Perché questo è il punto vero. Il brief generato dall’AI non è un eccesso di informazioni, è una fuga dalla decisione. Il cliente non sa cosa vuole, e invece di ammetterlo si è nascosto dietro un muro di belle parole. Il tuo lavoro non è mai stato leggere il brief, è sempre stato far decidere il cliente. Mandagli due o tre opzioni concrete, fagli mettere una crocetta, e in dieci minuti hai più direzione di quanta ne contenessero quattro pagine di “moderno ma classico”.
E la prossima volta, magari, il brief leggilo il lunedì. Lo so, è un’idea folle, rivoluzionaria, quasi disruptive. Ma sappi che esiste tutta una popolazione di designer che lo fa, apre il documento appena arriva, fa le domande quando è ancora lecito farle, e poi passa il giovedì sera a fare cose normali tipo dormire.
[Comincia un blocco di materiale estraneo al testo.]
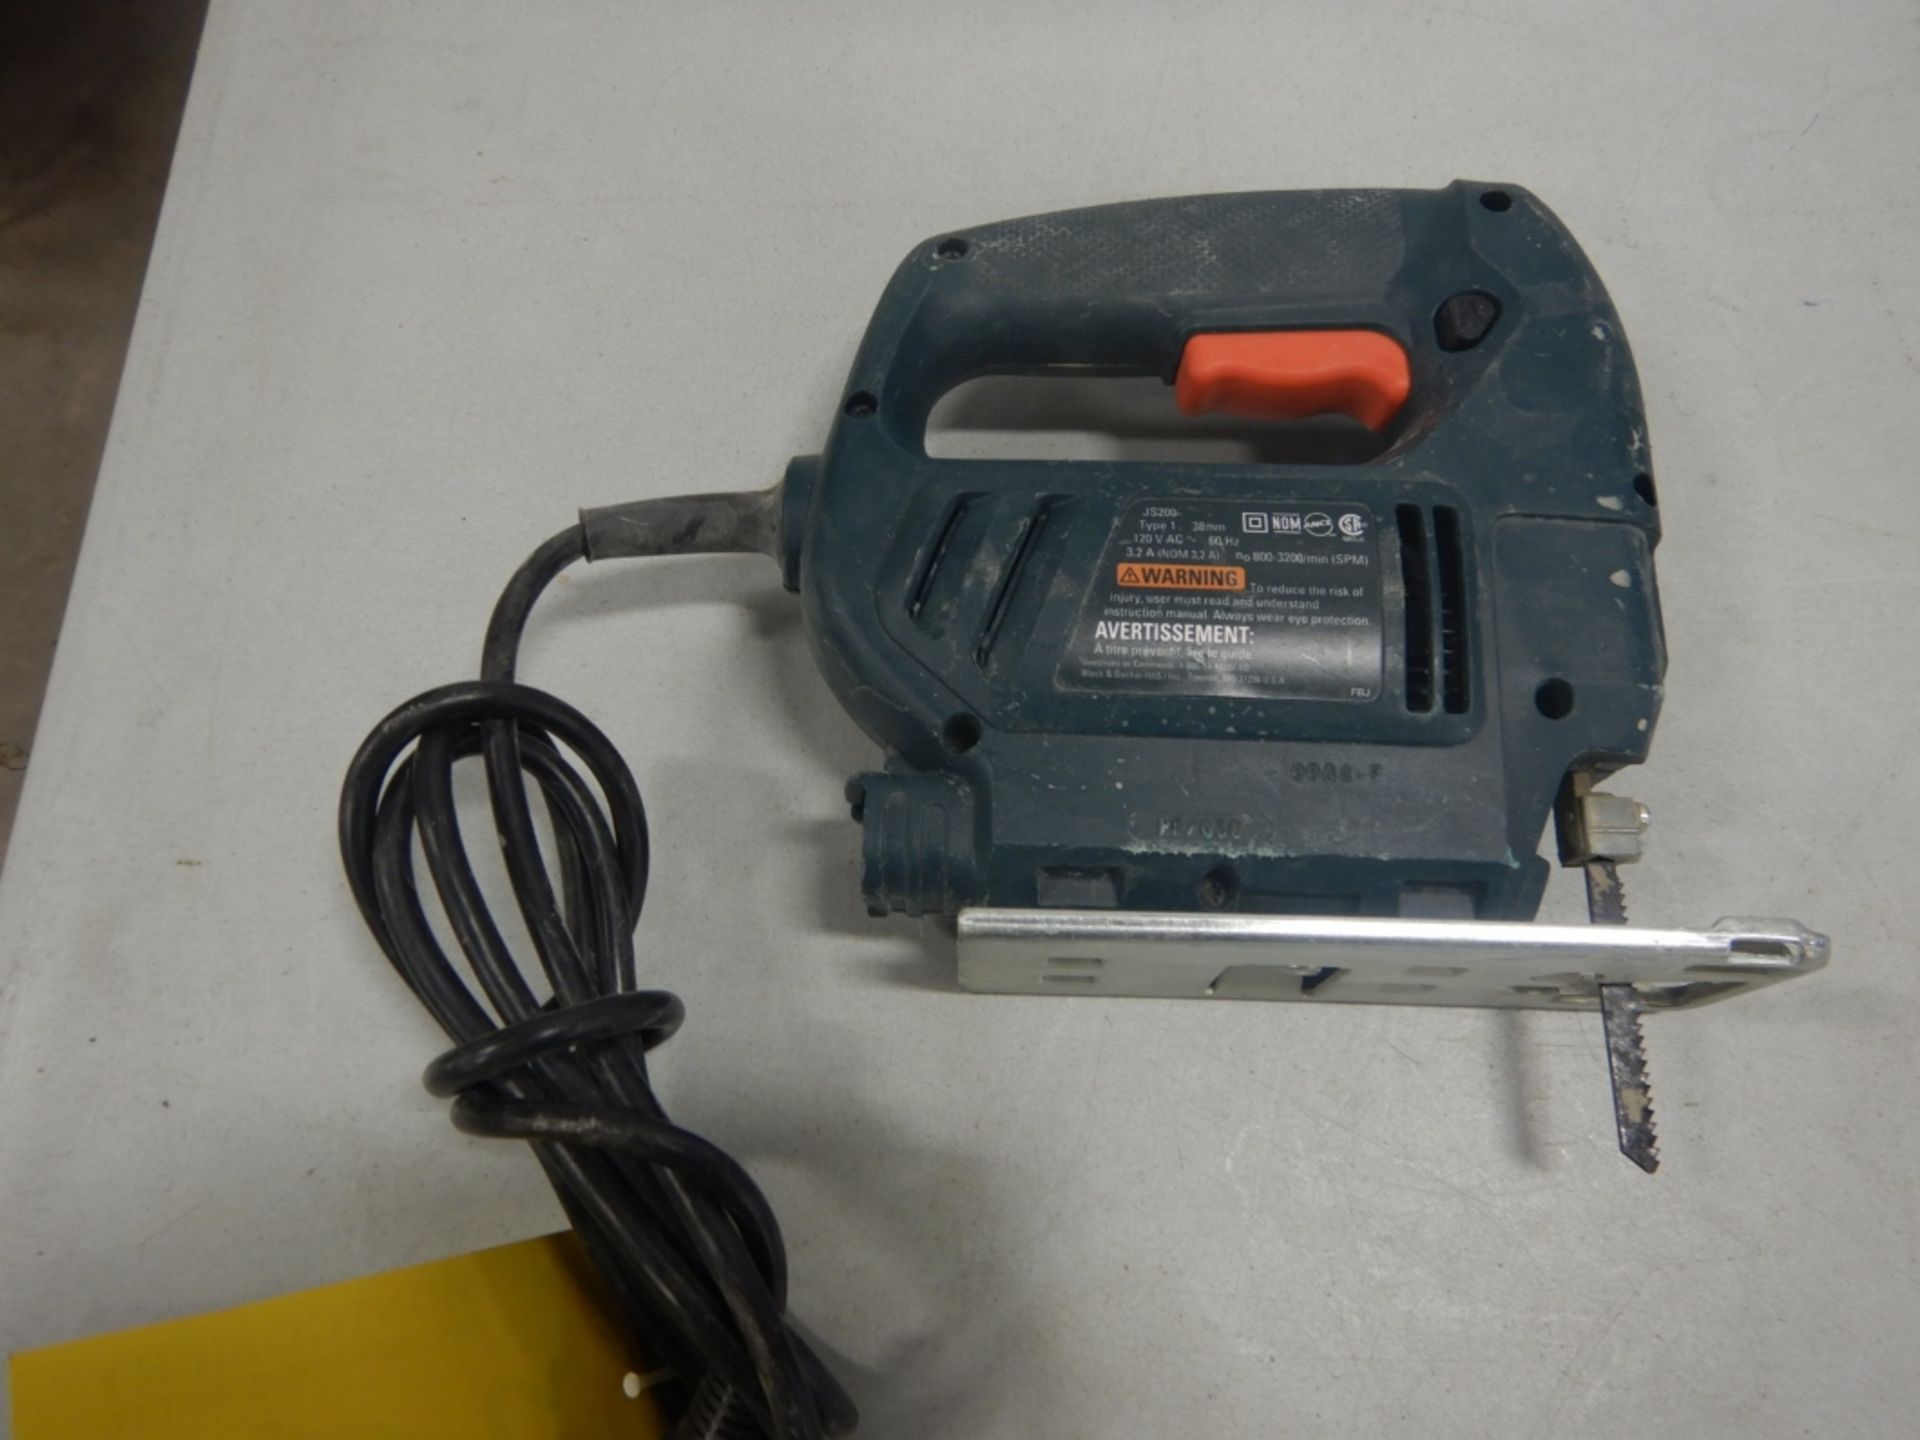 L/O BLACK AND DECKER VARIABLE SPEED 3.2A JIG SAW, SEARS CRAFTSMAN 1/4 SHEET PALM SANDER, MAXIMUM 7. - Image 7 of 10

Non li ho mai conosciuti di persona, ma giuro che esistono.
P.S. Se questo articolo ti ha fatto chiudere di scatto la mail con quel brief che fissi da tre giorni senza aprirlo, allora sei esattamente il designer di cui stiamo parlando, e quel “ci sto già lavorando” che hai mandato lunedì ti pesa sulla coscienza come un livello di Photoshop chiamato “senza titolo 47”. Tranquillo, non sei solo: ChatGPT ha scritto il brief, tu non l’hai letto, e in mezzo c’è un logo che, in un modo o nell’altro, entro domani dovrà esistere lo stesso.